Hier finden Sie den ersten Teil und den zweiten Teil unserer Serie.

7. Villa (Weinbergstr. 40)

Weinbergstraße 40, 1894

In der straßenseitigen Einfriedung des Villengrundstücks Weinbergstraße 40 erkennen wir im Schlussstein der Pforte ein nicht alltägliches Wappen. Der Bildhauer arbeitete aus dem Sandstein ein künstlerisches Arrangement aus Gegenständen bzw. Werkzeugen heraus, das spontan an einen Baumeister oder Architekten erinnert – eine Säule, einen Winkel (Richtscheid) und ein Lot (Senkblei) – verbunden mit Dingen, die Schönheit suggerieren – eine Rose, Bänder und Schleifen. Der erste Eindruck ist nicht falsch, denn diese Villa schuf sich 1894 der Dresdner Architekt Oswald Haenel (1842 – 1911). Die Ausführung lag übrigens in den Händen der Firma Gebr. Ziller. Ein zweiter Blick auf das Wappen (respektive auf den Artikel von Frau Schicktanz in V+R 07/10) verrät uns dann aber noch mehr: alles sind zugleich Symbole der Freimaurer, einem etwas geheimnisvollen Männerbund, und in der Tat war Haenel seit 1892 in der Dresdner Loge »Zum Goldenen Apfel« und brachte es da bis zum Meister der Freimaurer. So steht die abgebrochene Säule eigentlich für Tod oder Ende, ist sie aber zugleich umgekehrt, wie hier, deutet das auf einen Neuanfang hin. Der Winkel meint im freimaurerischen Sinne Redlichkeit und Gerechtigkeit und das Lot zeigt Geradlinigkeit und Wahrhaftigkeit im Denken und Tun der jeweiligen Bezugsperson an. In Radebeul ist dieses Wappen einmalig und unterscheidet sich von Adels- und Schmuckwappen, es ist sehr schön gearbeitet und gut erhalten. Weitere Symbole der Freimaurer kann man auch in der Fassadenmalerei der Villa erkennen. Dass das Tor, das vor 1989 unsachgemäß auf »Trabantbreite« vergrößert worden war, wieder das alte Maß und sein ursprüngliches Aussehen hat, verdanken wir der Initiative des heutigen Eigentümers Dr. Jens Wiedemann, der weder mit dem o.g. O. Haenel noch mit dem späteren Eigentümer Dr. von Boetticher, der selbst kein Wappen hinterließ, verwandt ist.

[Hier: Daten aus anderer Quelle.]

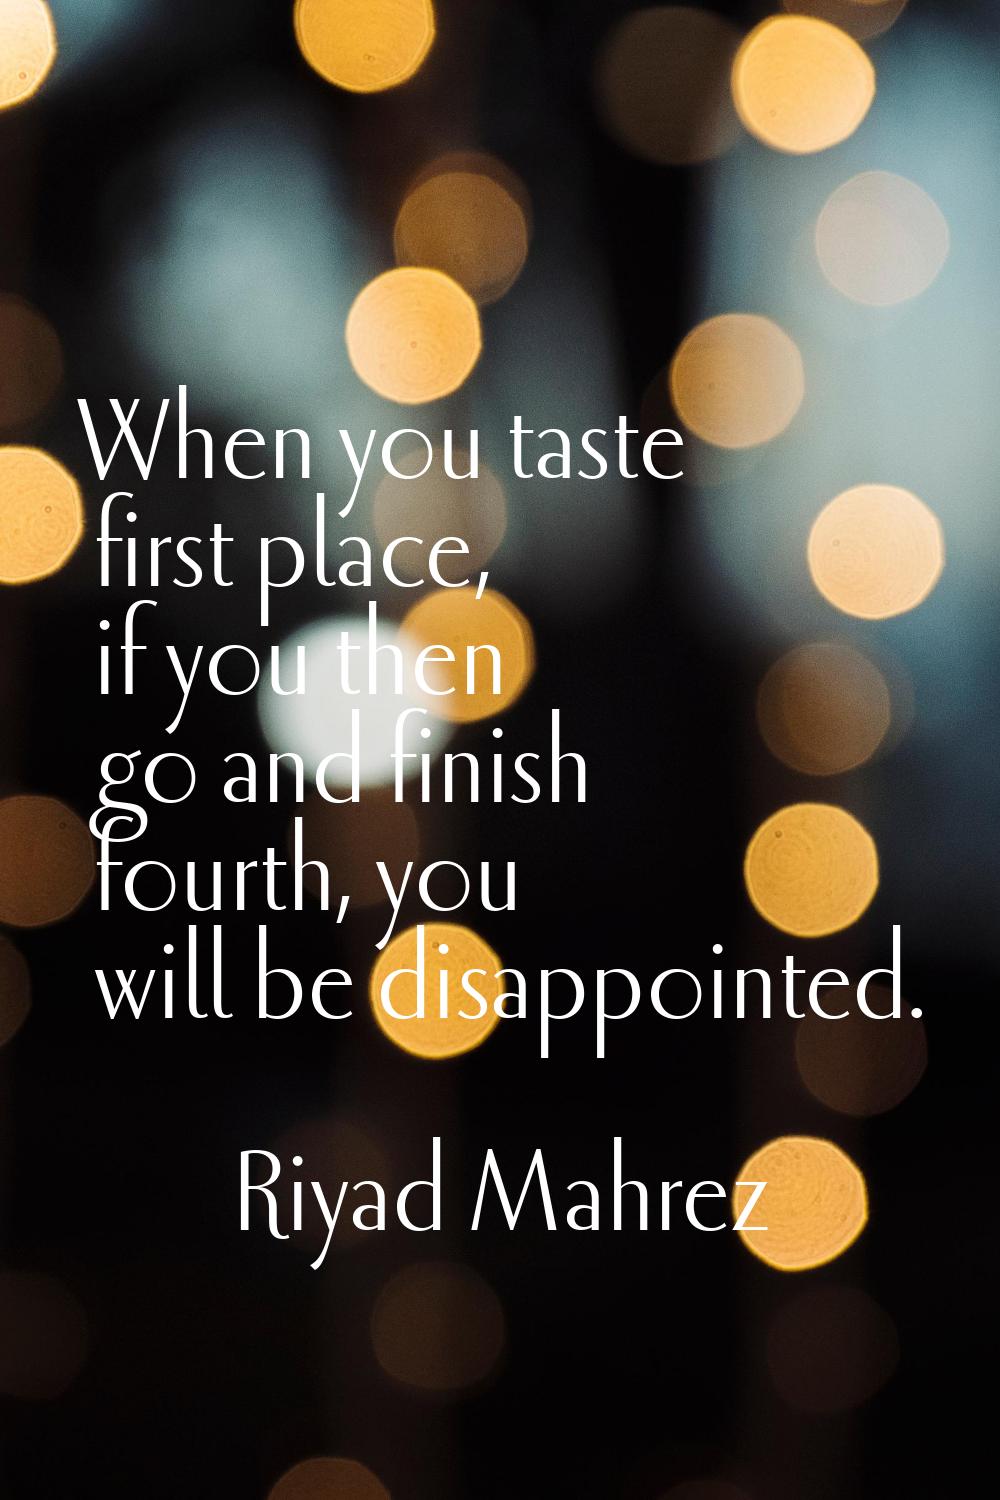 When you taste first place, if you then go and finish fourth, you will be disappointed.
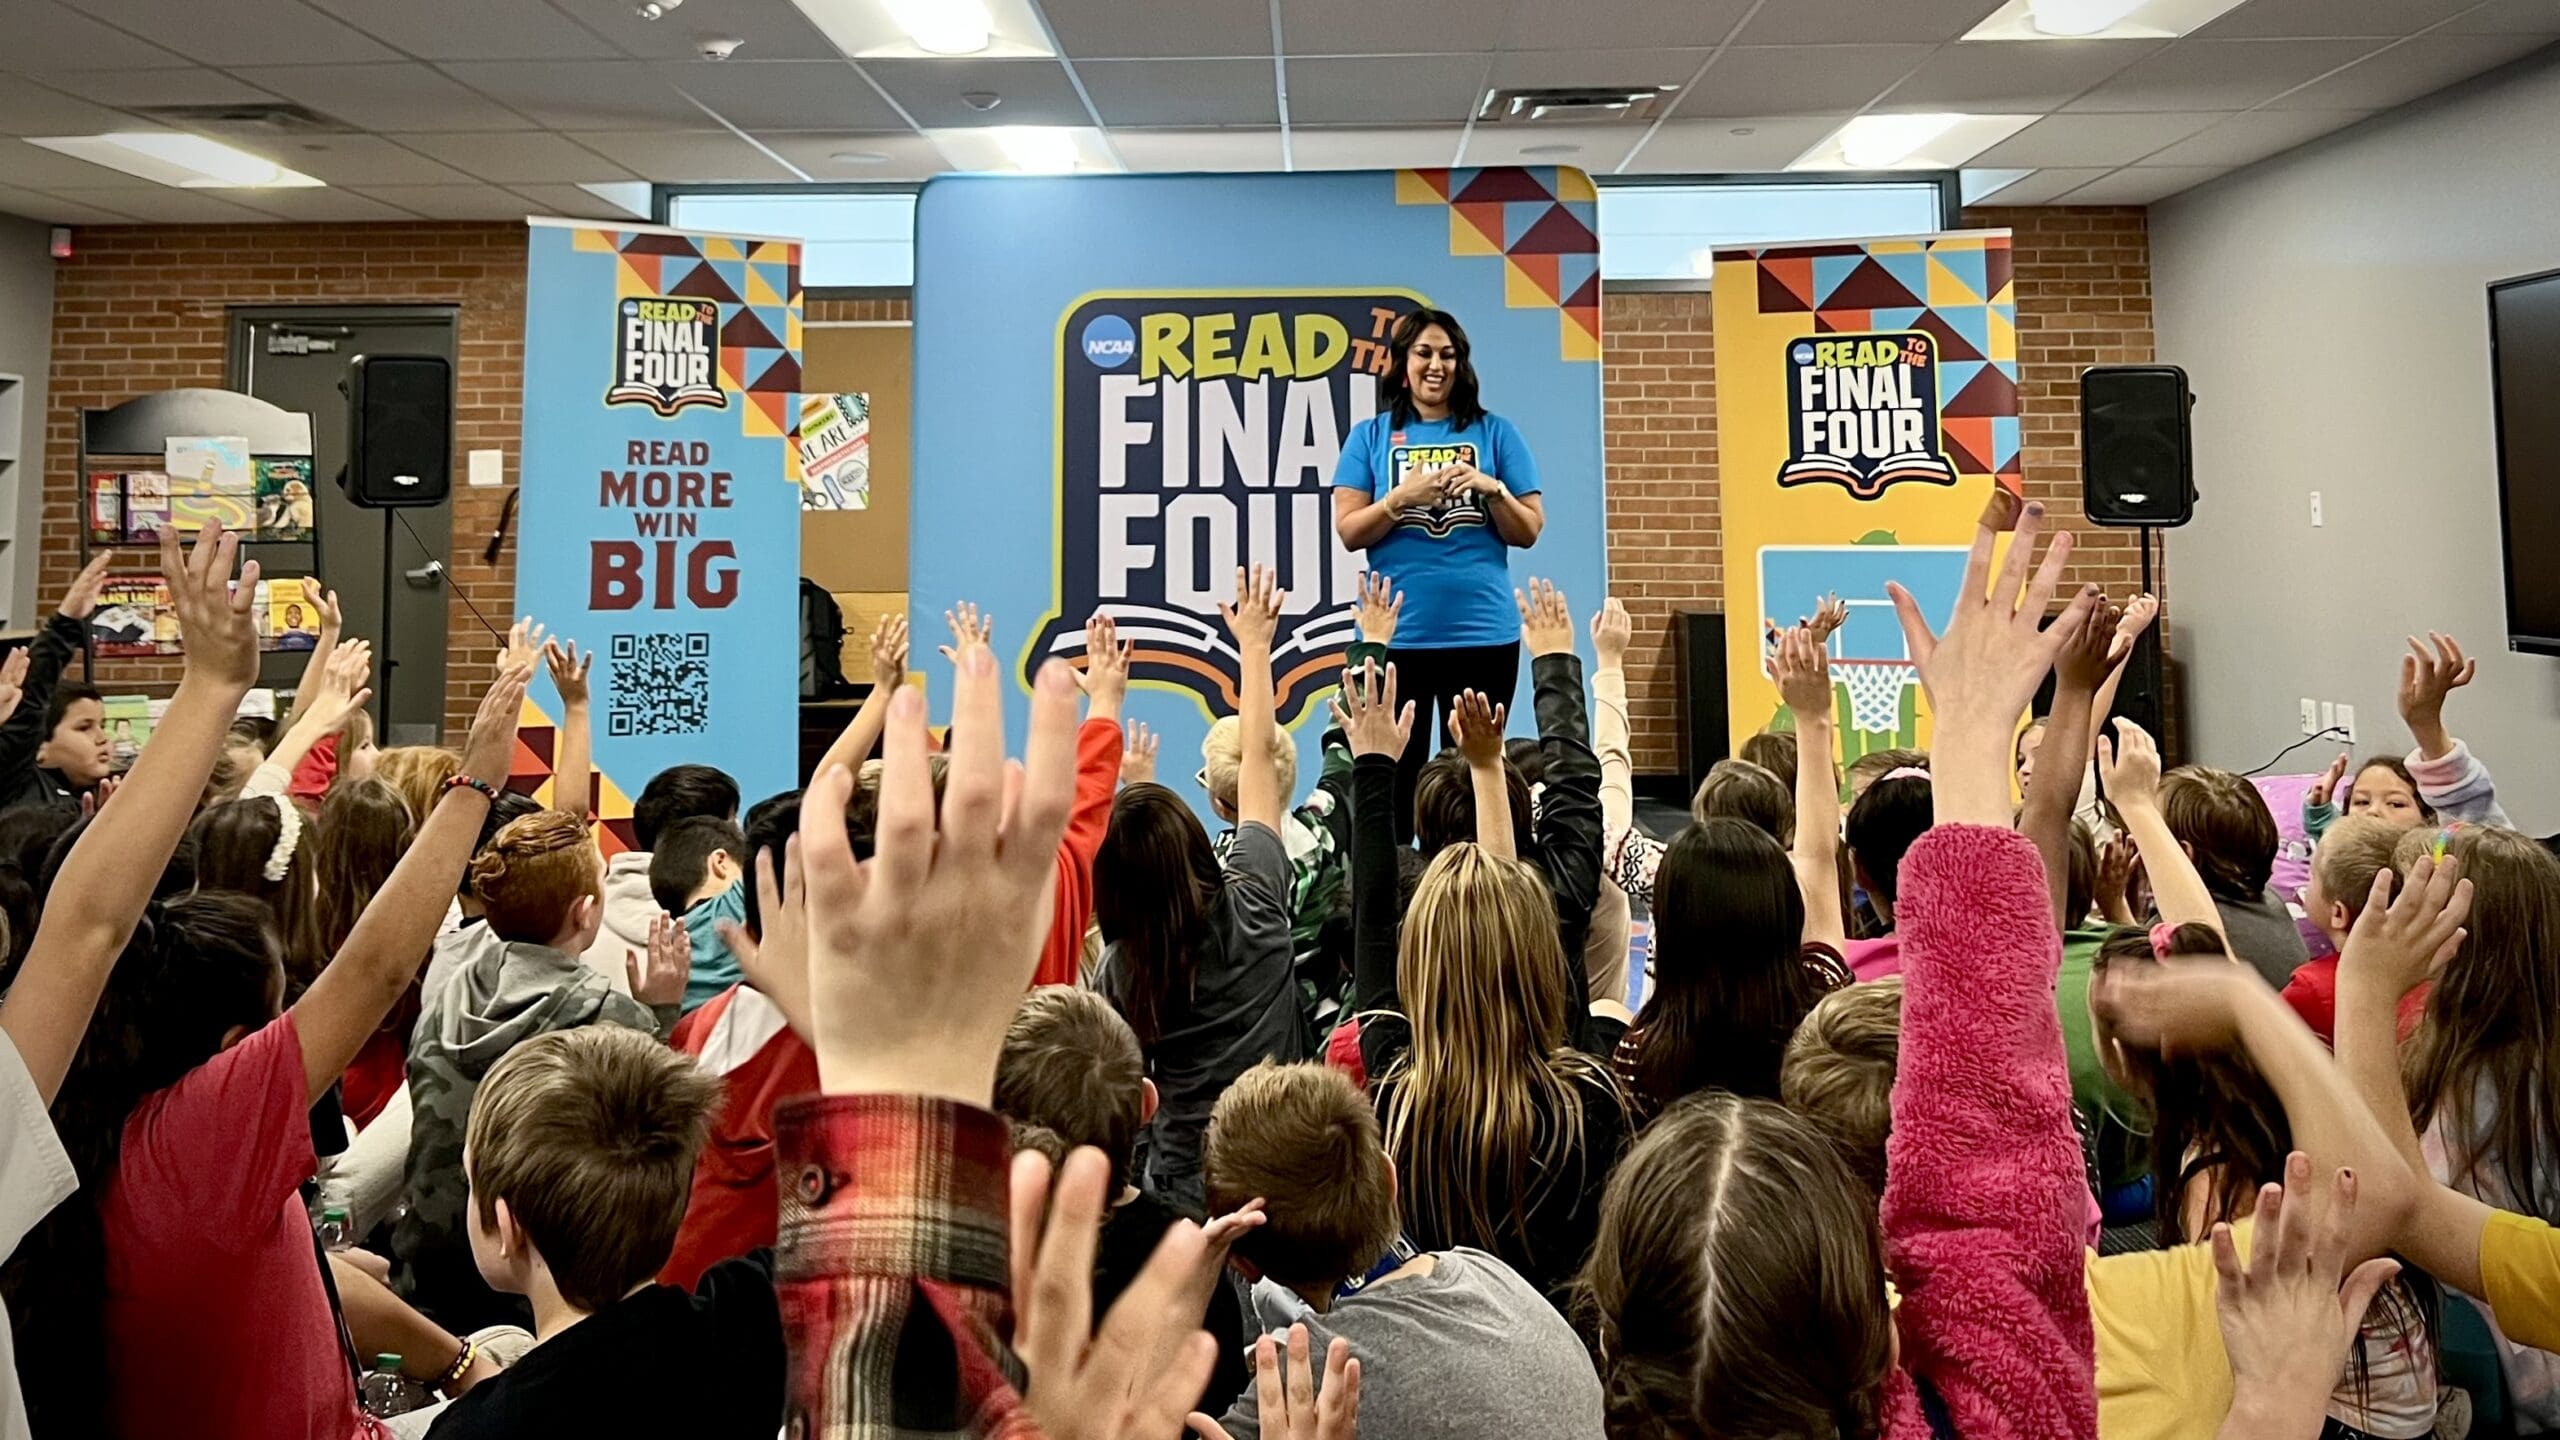 Giving Tuesday: 200 Third Graders Receive Books as Part of Statewide Read to the Final Four Contest

8. Hagensche Villa (Augustusweg 105)

Augustusweg 105, 1908

Ganz im Osten Radebeuls finden wir die von Hagensche Villa (Augustusweg 105), die Architekt Oskar Menzel 1907 entwarf, der Bau war 1908 fertig. Über dem Eingang auf der Nordseite erkennen wir das Wappen des sich hier zur Ruhe gesetzten Oberstleutnant Christian Friedrich Leopold Freiherr von Hagen. Wie mir Herr RA Voigt, der heute das als Kanzlei genutzte Haus zusammen mit seiner Frau besitzt, erklärte, handelt es sich nicht um das Wappen des Oberstleutnant Hans von Erdmannsdorf, der nach von Hagen das Haus besaß. Die Gestaltung des Wappens zeigt ein leicht nach links verkipptes Wappenschild mit Längsstreifen auf der rechten Hälfte und links erhabene, nach einem bestimmten Schema gegliederte Punkte. Darüber folgt eine nach links schauende Helmzier mit zwei Flügeln drauf, seitlich von Wappen und Helm sehen wir bewegtes Rankenwerk. Das Ganze wird schließlich von einer Halbrundwulst gerahmt, die eine Kleeblattform hat. Das Material des Wappens könnte Sandstein oder Stuck sein und hat bei der letzten Sanierung einen einheitlich cremefarbenen Anstrich bekommen. Vor 1989 wurde die Villa mit großem Park als das »Lotte-Rotholz-Kinderheim« genutzt.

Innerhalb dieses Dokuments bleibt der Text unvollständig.